**PROMPT:**
The task calls for an exact retyping of the lines from the one holding "BRYAN CASTELLANI APPOINTED" through the end of the listing, with pictures omitted and nothing added.

**DATASET EXTRACT:**
= Beginning of Section =

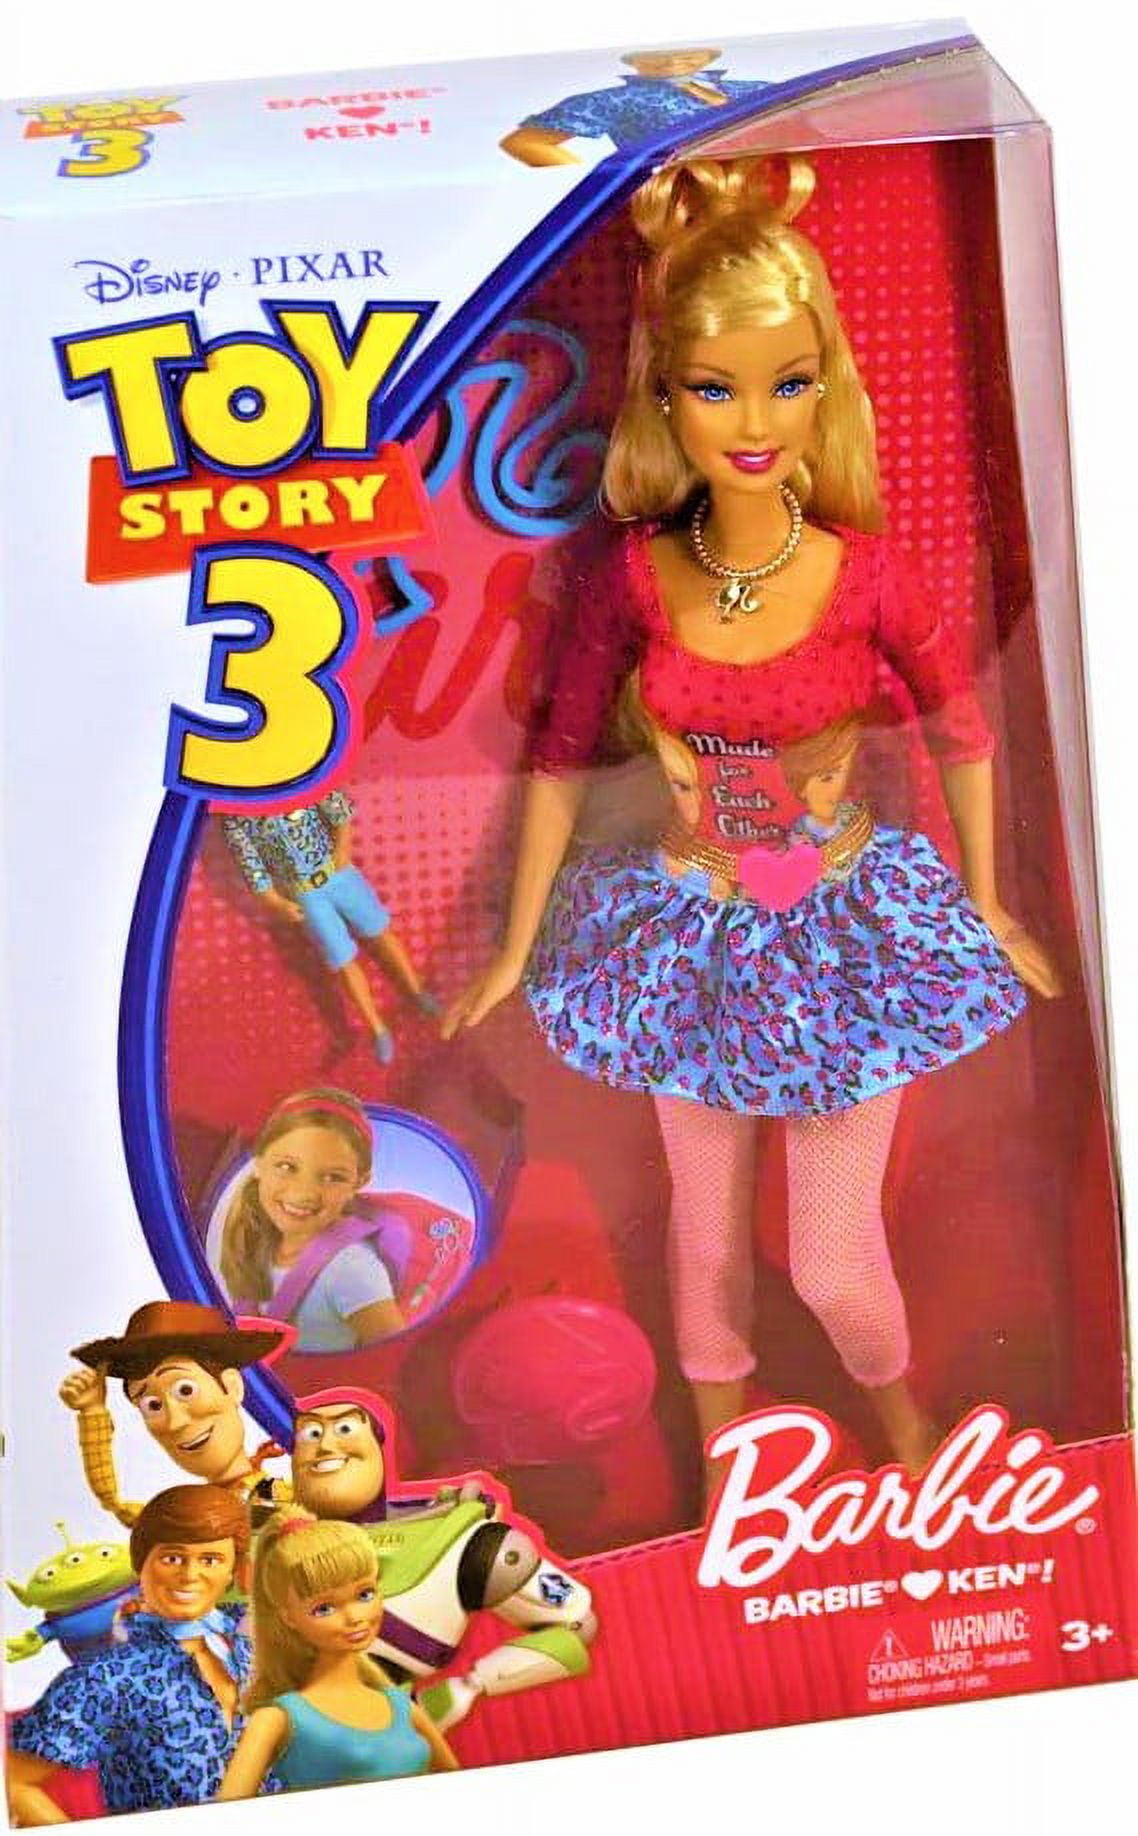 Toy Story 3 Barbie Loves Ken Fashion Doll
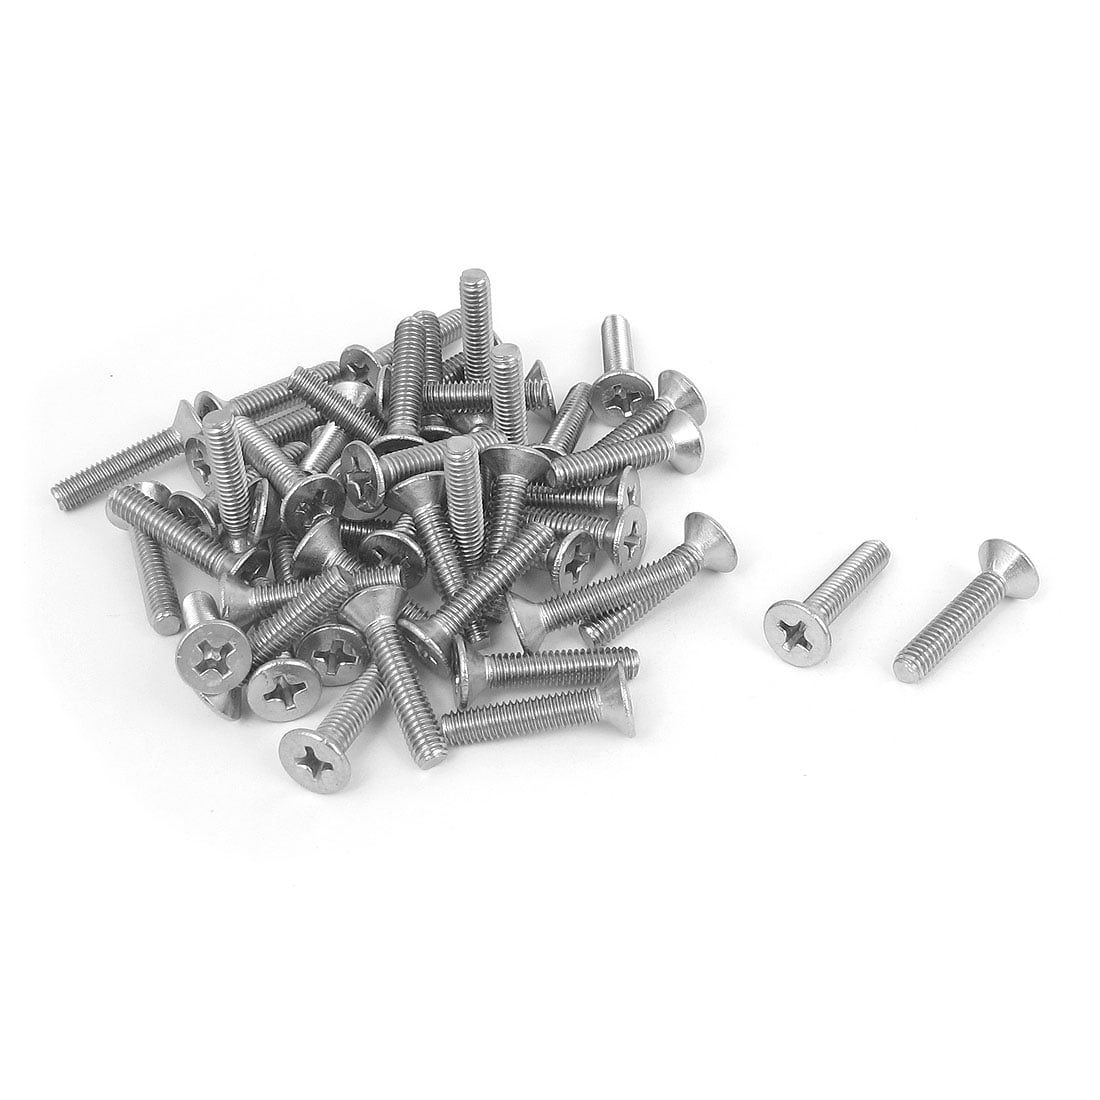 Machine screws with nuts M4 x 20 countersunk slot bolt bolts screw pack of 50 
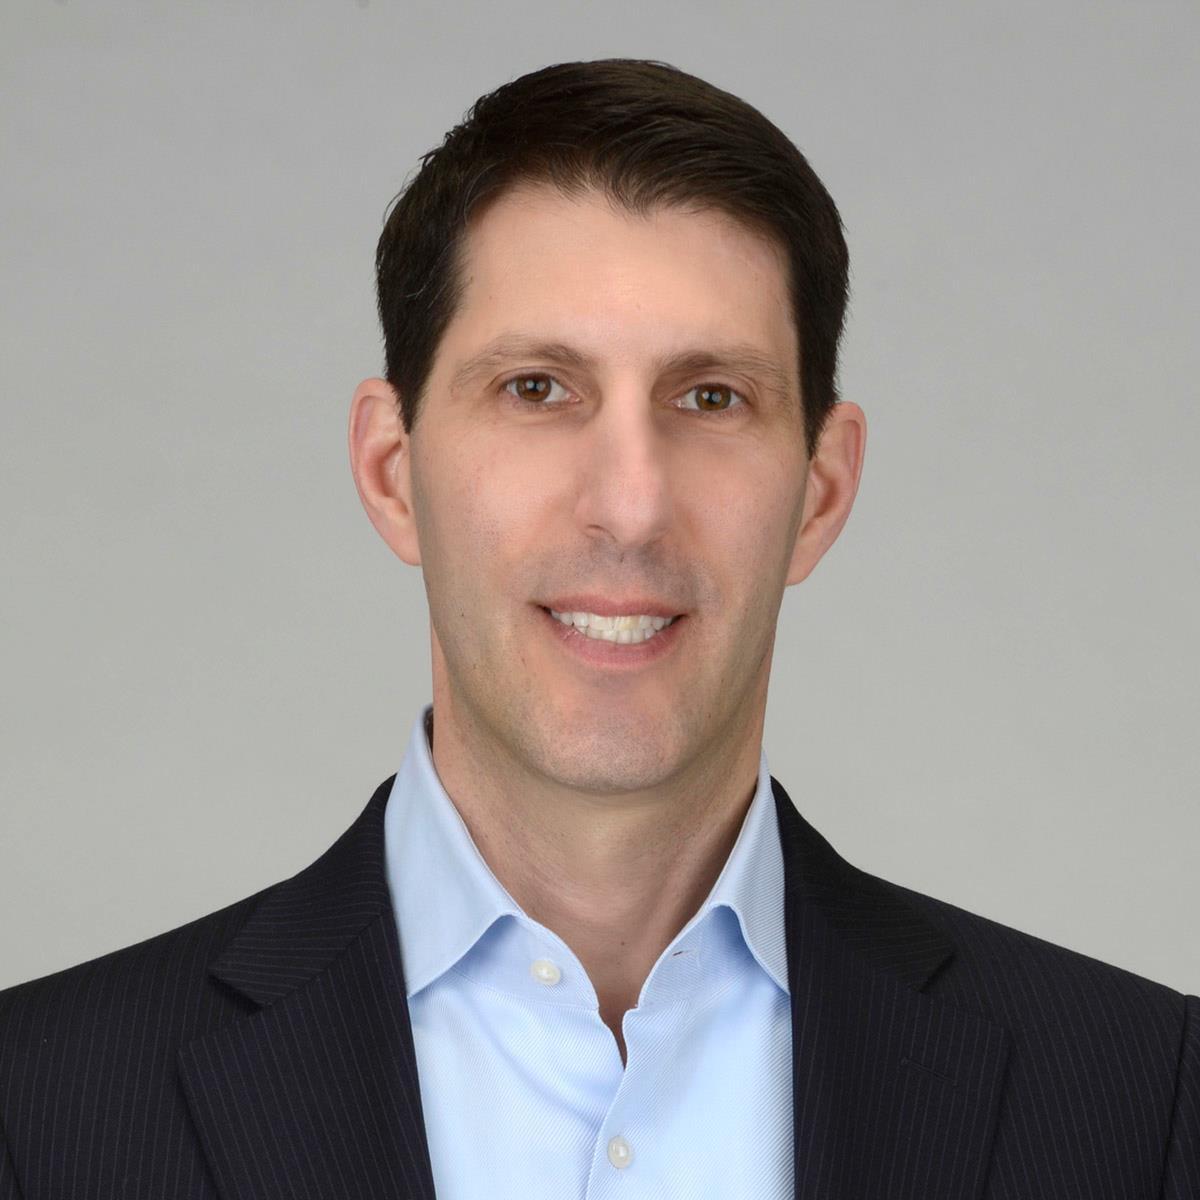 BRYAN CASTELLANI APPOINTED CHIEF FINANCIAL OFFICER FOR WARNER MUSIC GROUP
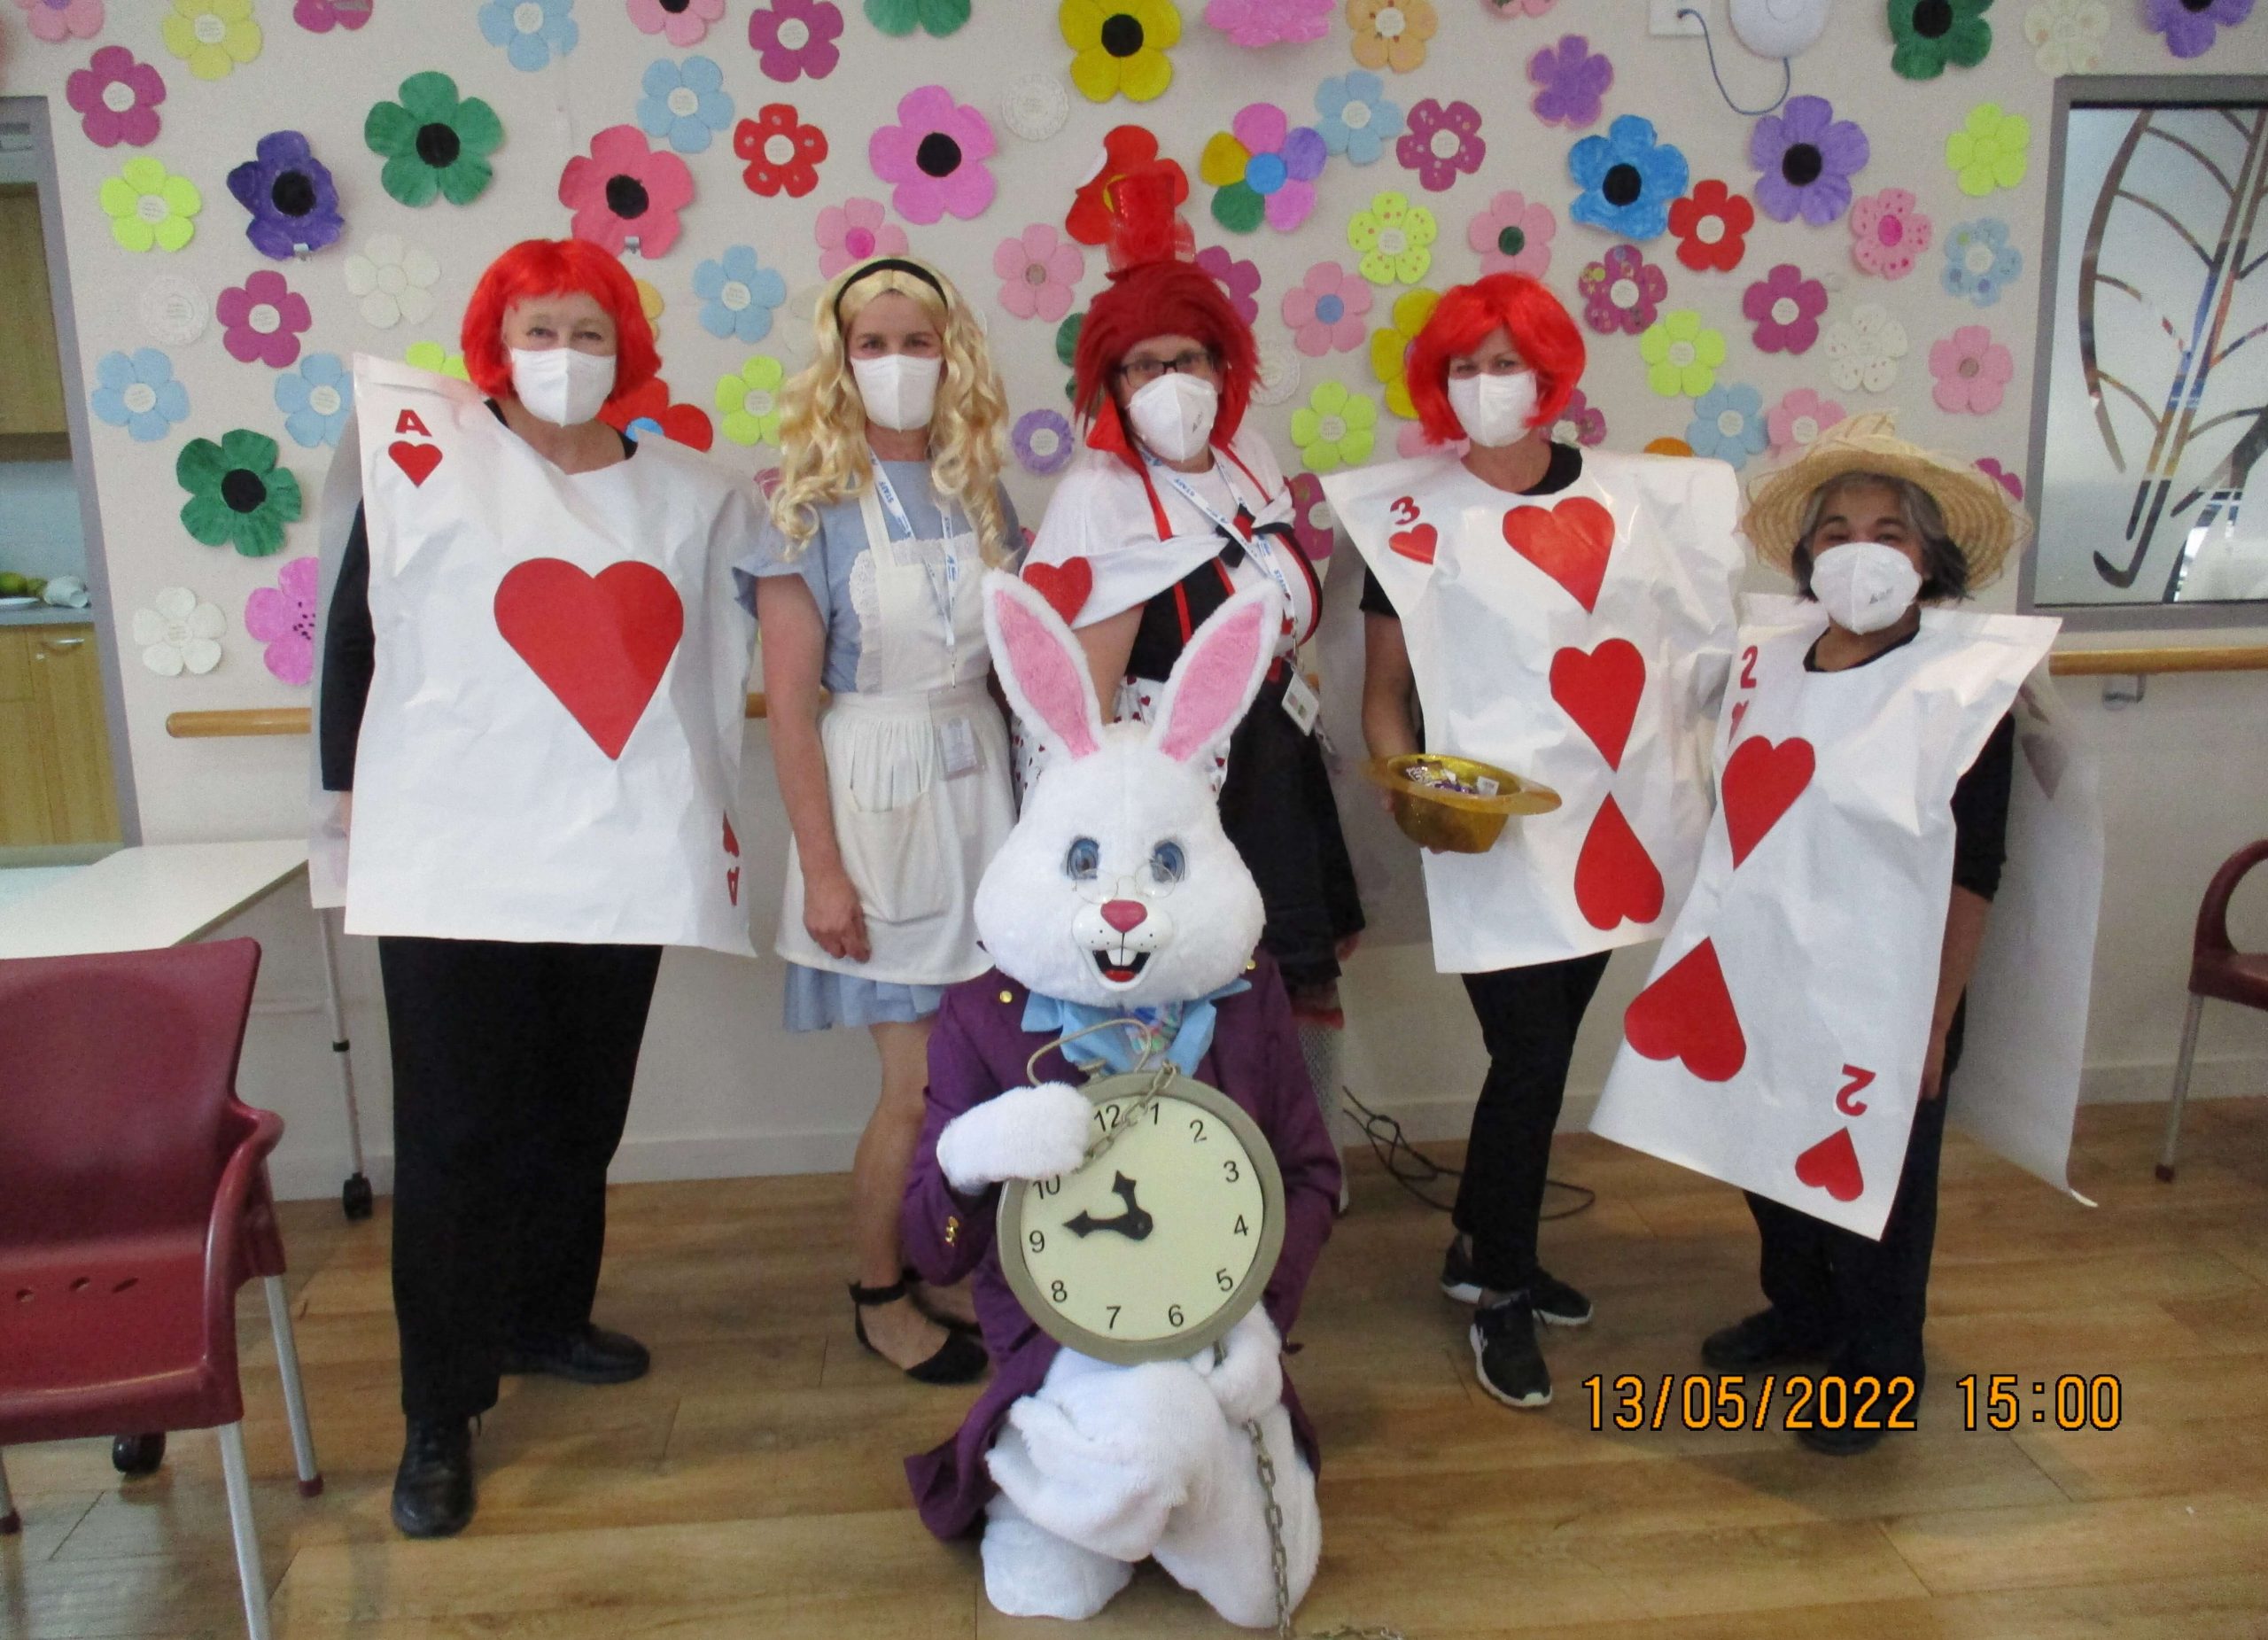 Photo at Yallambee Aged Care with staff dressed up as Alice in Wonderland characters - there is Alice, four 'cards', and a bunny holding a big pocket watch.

= End of Section =

**ANSWER SECTION:**
 BRYAN CASTELLANI APPOINTED CHIEF FINANCIAL OFFICER FOR WARNER MUSIC GROUP
 Photo at Yallambee Aged Care with staff dressed up as Alice in Wonderland characters - there is Alice, four 'cards', and a bunny holding a big pocket watch.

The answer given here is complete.